『八王子の月見草』 第7草[2006年09月01日]
第7草 ”謎の女””
そんな年が明けた正月のある日、
倉橋と小夜子は初詣に出かける約束をしていた。
待ち合わせは午前10:00、JR八王子駅の改札。
倉橋はこの日は30分前に到着して小夜子を待っていた。
小夜子の家は八王子駅から歩いて15分のところにあるマンションだ。
家を出ようとした時はもう10:00だった。
「あ~大変!また遅刻だ~。。
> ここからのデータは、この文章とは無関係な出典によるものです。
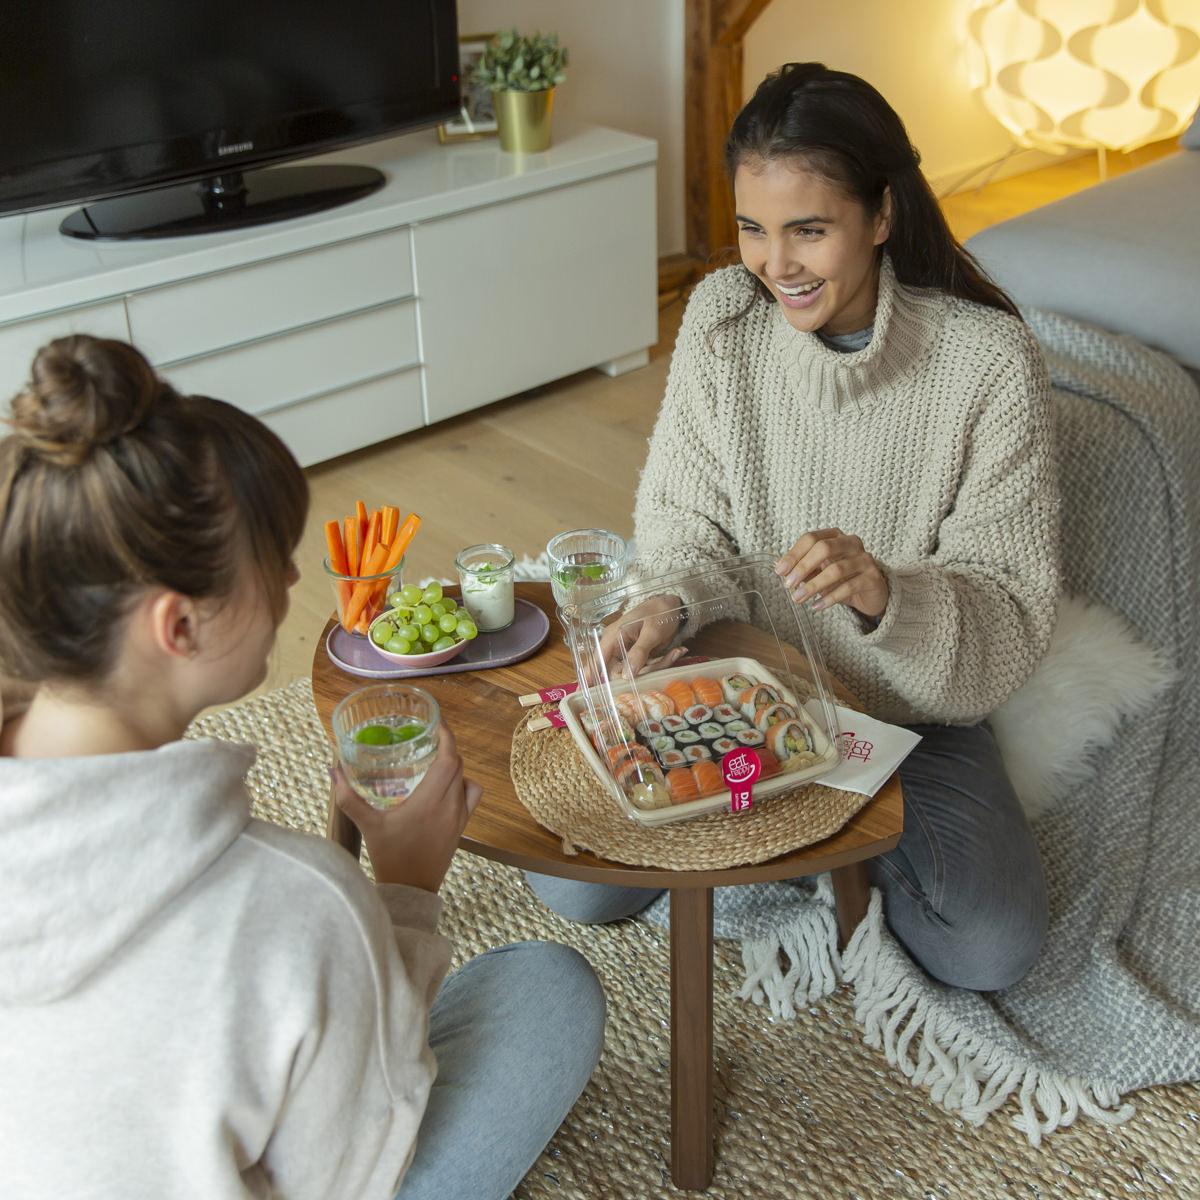 Social Media Content Fotografie Köln: 2 Freundinnen öffnen zu Hause ihre Schachtel mit Sushi von EatHappy | Foto: Hanna Witte

」
急いでバッグを持って、
あわてて靴を履こうとした時、一本の電話が鳴った。
「も~こんな時に!」
そのまま、出かけようとしたが、
鳴り止まない電話に仕方なく受話器をとった。
「はい、もしもし・・」
「・・・・・」
「もしもし!もしも~し!」
「・・・・・」
その電話は無言だった。
小夜子は急いでいるので、かまってられず電話を切ろうとした。
その時だった、
「小夜子さん・・?」
「あっはい、そうですけど。」
「私、誰だか分かる・・・?」
「えっ!?」
確かに聞き覚えのある声・・・
その瞬間、小夜子は思い出したのである。